2. The apparatus of claim 1 further comprising a sonic energy
conductor in contact with the sonic energy source and in contact
with the sonic energy source.
3. The apparatus of claim 2 wherein the sonic energy conductor
comprises quartz, silicon, metal or a polymer.
4. The apparatus of claim 1 with the sonic energy source associated
with the liquid outlets, to provide sonic energy to the workpiece
via liquid moving out of the outlets and onto the workpiece.
5. The apparatus of claim 1 wherein the sonic energy source
comprises a sonic transducer including a focusing chamber for
concentrating sonic energy onto the workpiece.
6. The apparatus of claim 1 where the liquid supply source
comprises a liquid reservoir, and where the heater heats the liquid
in the reservoir.
7. The apparatus of claim 1 where the liquid supply source includes
a liquid selected from the group consisting of, ammonium hydroxide,
sulfuric acid, hydrochloric acid, hydrofluoric acid, a surfactant,
de-ionized water, and a combination thereof.
8. The apparatus of claim 1 further comprising a chamber around the
workpiece and with the ozone gas supply connected to the chamber to
provide ozone gas around the workpiece in the chamber, with the
ozone provided as a dry gas or in a liquid.

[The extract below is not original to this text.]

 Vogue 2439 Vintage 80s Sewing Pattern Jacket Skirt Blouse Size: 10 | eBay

9. The apparatus of claim 8 further comprising a re-circulation
liquid line extending between the chamber and the liquid supply
source.
10. The apparatus of claim 8 further comprising a rotor assembly in
the chamber for rotating the workpiece.
11. The apparatus of claim 1 where the liquid outlets comprise
liquid nozzles for spraying the heated liquid onto the
workpiece.
12. The apparatus of claim 1 further including means for
controlling the thickness of a layer of the liquid formed on the
surface of the workpiece.
13. The apparatus of claim 12 where the means for controlling
comprises a liquid flow control system for controlling the flow of
liquid onto the workpiece.
14. The apparatus of claim 13 where the liquid flow control system
includes spray nozzles.
15. The apparatus of claim 12 where the means for controlling
comprises a rotor for holding and rotating the workpiece.

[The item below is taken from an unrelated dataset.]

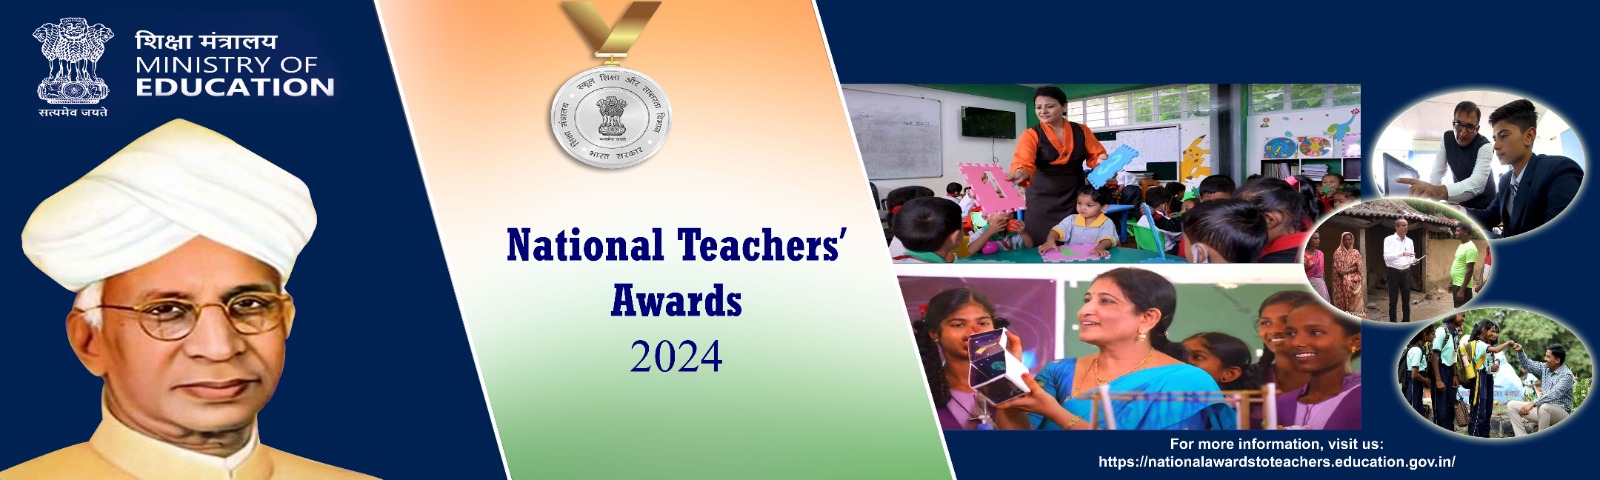 National Teachers Award 2024

16. An apparatus for treating the surface of a workpiece
comprising: a liquid reservoir for holding a process liquid; a
process chamber; a workpiece holder within the process chamber;
liquid spray nozzles within the process chamber disposed to spray
liquid onto the workpiece held by the workpiece holder; a liquid
flow line extending between the liquid reservoir and the liquid
spray nozzles; an ozone generator for generating a supply of ozone;
one or more ozone supply lines extending from the ozone generator
to the process chamber; at least one heater for heating the process
liquid; and a sonic energy source on the workpiece holder for
introducing sonic energy to the workpiece.

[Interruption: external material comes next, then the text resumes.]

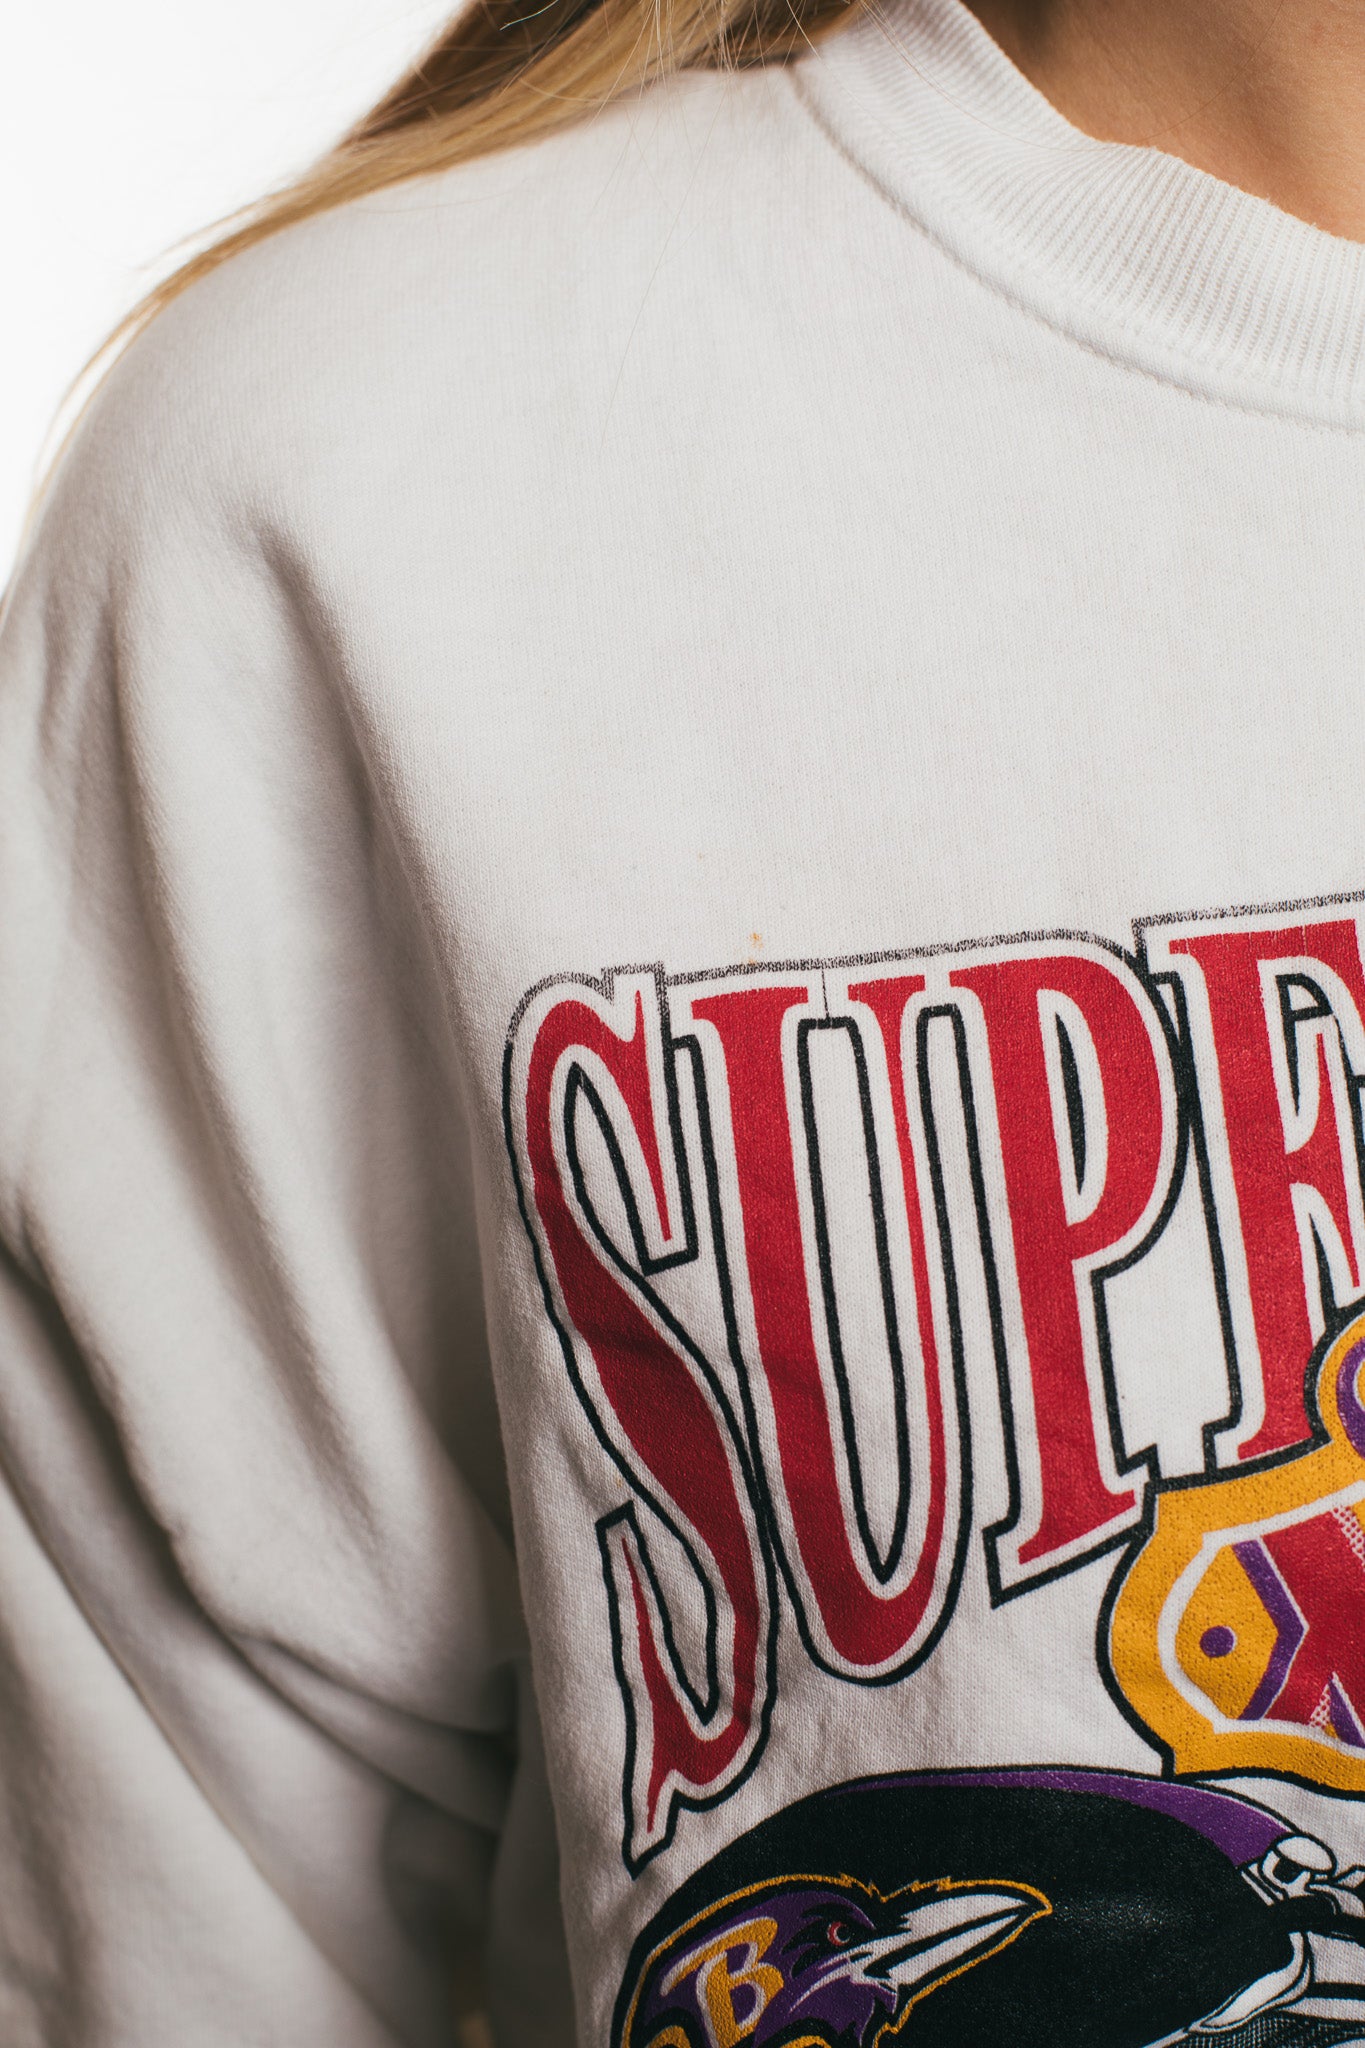 Super Bowl - Sweatshirt

17. The system of claim 16 where the workpiece support holds the
workpiece in a horizontal orientation.
18. The system of claim 16 further comprising a valve connecting to
a spent liquid line extending from the process chamber, to the
liquid reservoir, and to a drain, with the valve switchable between
a first position, wherein spent liquid from the process chamber is
directed back to the reservoir, and a second position, wherein
spent liquid from the process chamber is directed to the drain.
19. A method for processing a workpiece, comprising the steps of:
positioning the workpiece at least partially within a bath of
liquid; creating an ozone atmosphere above the surface of the bath
of liquid; applying sonic energy to the bath of liquid; moving at
least one of the workpiece and the surface of the bath of liquid,
to cause the surface of the liquid to move across the workpiece
surface.
20. The method of claim 19 wherein the workpiece is positioned
within the bath of liquid by lowering the workpiece into the
bath.
21. The method of claim 19 wherein the workpiece is positioned
within the bath by raising the surface of the liquid.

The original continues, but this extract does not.